Munching on a bowl of organic popcorn provides a great alternative to other less-healthy snacks, and because it is high in fibre, may reduce cravings for these snacks.
Popcorn acts as anti aging agent. Free radicals do a lot more damage than cancer. They have been closely linked to age-related symptoms like wrinkles, age spots, macular degeneration and blindness, muscle weakness, cognitive decline, osteoporosis, Alzheimer’s disease, dementia, hair loss, and a wide variety of other things which becomes prominent with aging. Popcorn can make a person feel healthy and happy well into their old age because of the powerful antioxidants that combat these effects of free radicals.
Fibres function in another beneficial way within the body, and whole grains contain the type of fibre which can eliminate excess cholesterol from the walls of blood vessels and arteries, thereby popcorn lowers cholesterol levels in the body, and hence lowering the chances of dangerous cardiovascular conditions like atherosclerosis, heart attacks, and strokes. Popcorn also reduces the strain on the cardiac system, since the heart doesn’t need to work so hard to move blood through clogged vessels and arteries.
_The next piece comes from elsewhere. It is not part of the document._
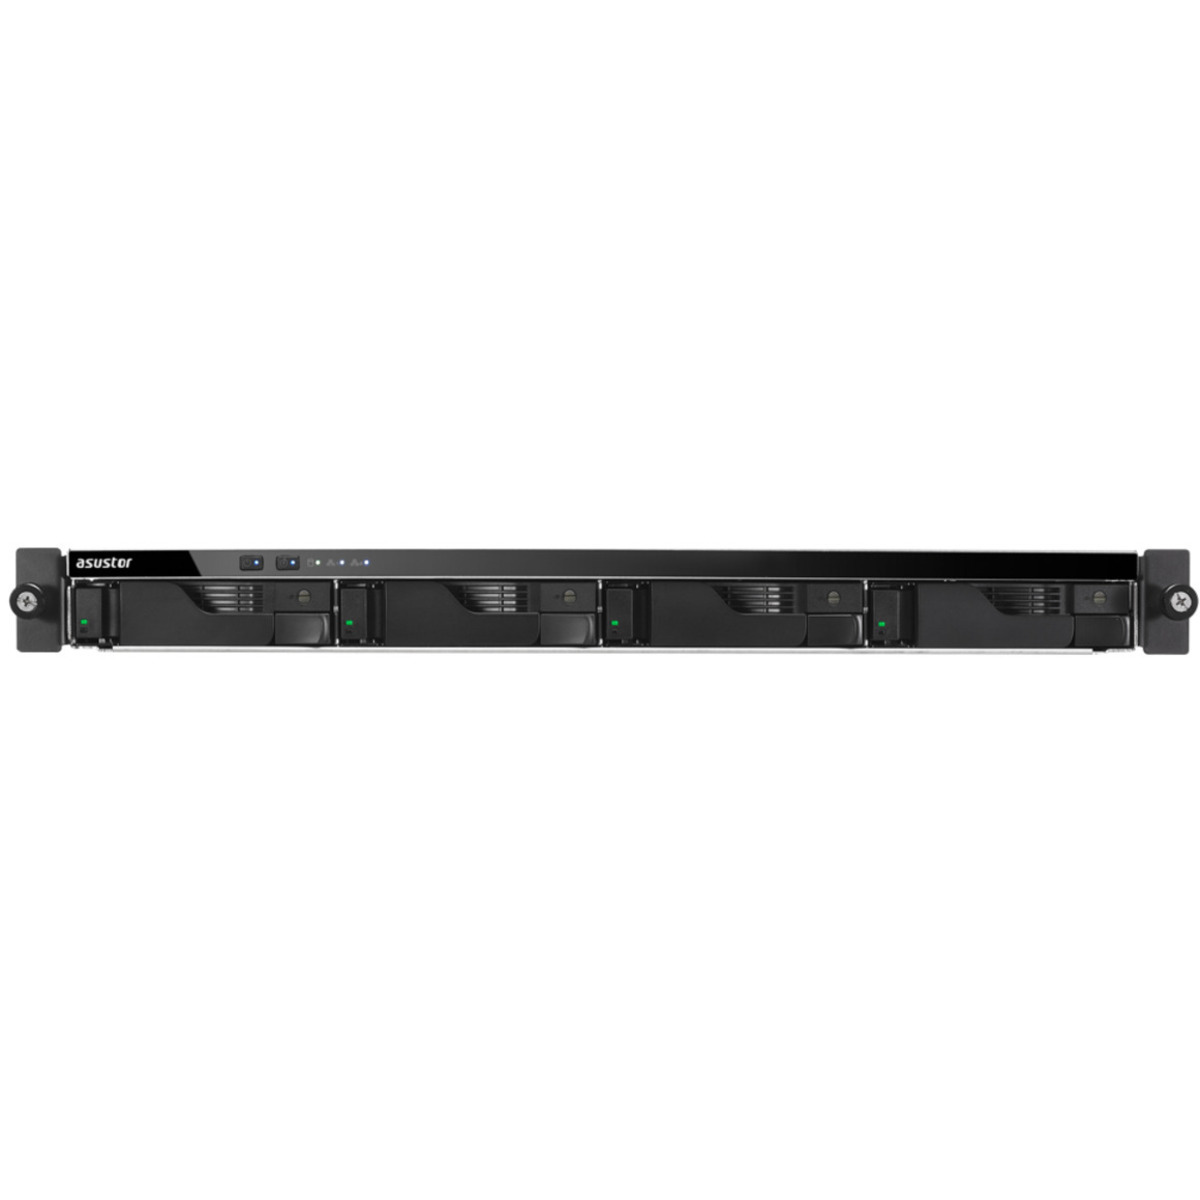 ASUSTOR LOCKERSTOR 4RS AS6504RS 44tb 4-Bay RackMount Multimedia / Power User / Business NAS - Network Attached Storage Device 2x22tb Western Digital Ultrastar HC570 WUH722222ALE6L4 3.5 7200rpm SATA 6Gb/s HDD ENTERPRISE Class Drives Installed - Burn-In Tested - FREE RAM UPGRADE LOCKERSTOR 4RS AS6504RS
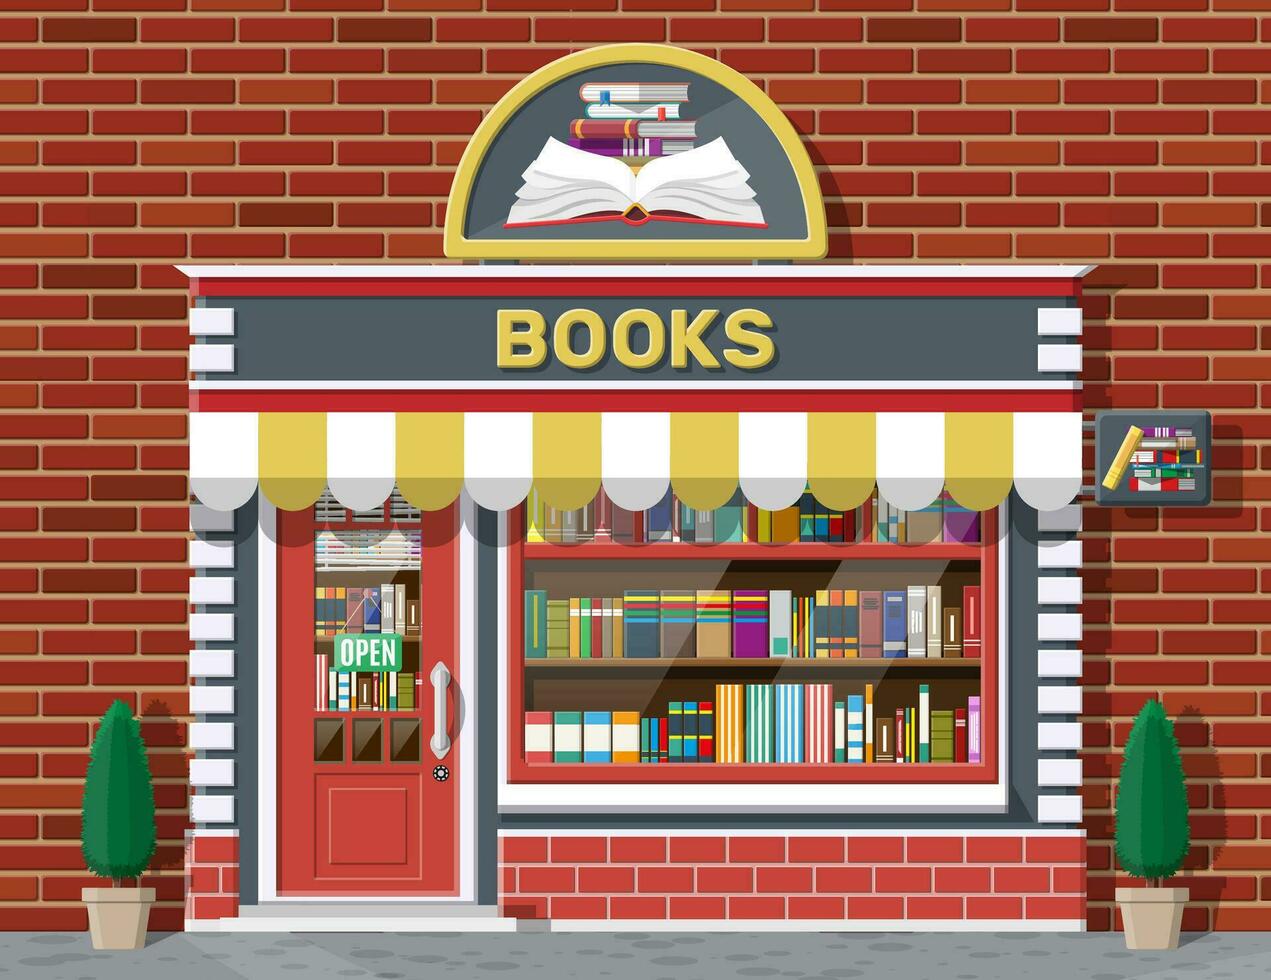 Bookstore shop exterior. Books shop brick building. Education or library market. Books in shop window on shelves. Street shop, mall, market, boutique facade. Vector flat style illustration.

According to the USDA, 28 grams of popcorn contains 0.9 mg of iron. This number might seem small, but adult men require only 8 mg of iron in their diet each day. Adult women, on the other hand, need 18 mg per day because of the blood they lose during menstruation. According to some surveys, almost 10% of women are iron deficient. Hence having popcorn in one’s diet provides the body with enough iron and helps to keep away problems like anaemia.
Since popcorn is all whole grain, their insoluble fibres helps keep the digestive tract in check and prevents constipation. Researchers have found out that people who ate popcorn regularly increased their daily fibre intake by 22%. Eating more fibrous foods helps in relieving constipation.
Apart from using it as a snack or food, there are some other uses of popcorn. One of these is that it is used for decoration, strung together and hung on Christmas trees. This tradition is common in North America and in the Middle East. The other use is for packaging. This is not as common because it is a dangerous and difficult packing material to use since it is flammable and attracts insects and animals and this is a negative effect of using popcorn.
Popcorn is also on a list of foods that commonly cause irritating symptoms among people with inflammatory bowel disease and hence it should be avoided in such cases.
Corn was domesticated in Mexico over 9,000 years ago and continues to be one of the leading vegetables produced each year throughout the world. Popcorn as a snack has been discovered in Mexico in archaeological sites dating back to 3600 B.C., and unsubstantiated claims say that Squanto himself taught European settlers how to popcorn during the growth of North America.
The history of popcorn is not entirely documented, but it seems that its popularity soared in the United States first in the Great Lakes region where the Iroquois people settled in large numbers. The first reliable sources to actually refer to “popped corn” date back to about 1820, and records from the mid-1800s name popcorn as a popular family treat.
In the 1890s, popcorn received another boost in demand, the credit of which goes to candy store owner Charles Cretors. In an attempt to better roast nuts for sale at his store in commercial quantities, he created the first ever commercial-grade popcorn popper, later displaying it in a horse-and-buggy style design. Then came the early 20th century, when the occurrence of popcorn in a movie theater began to become normal.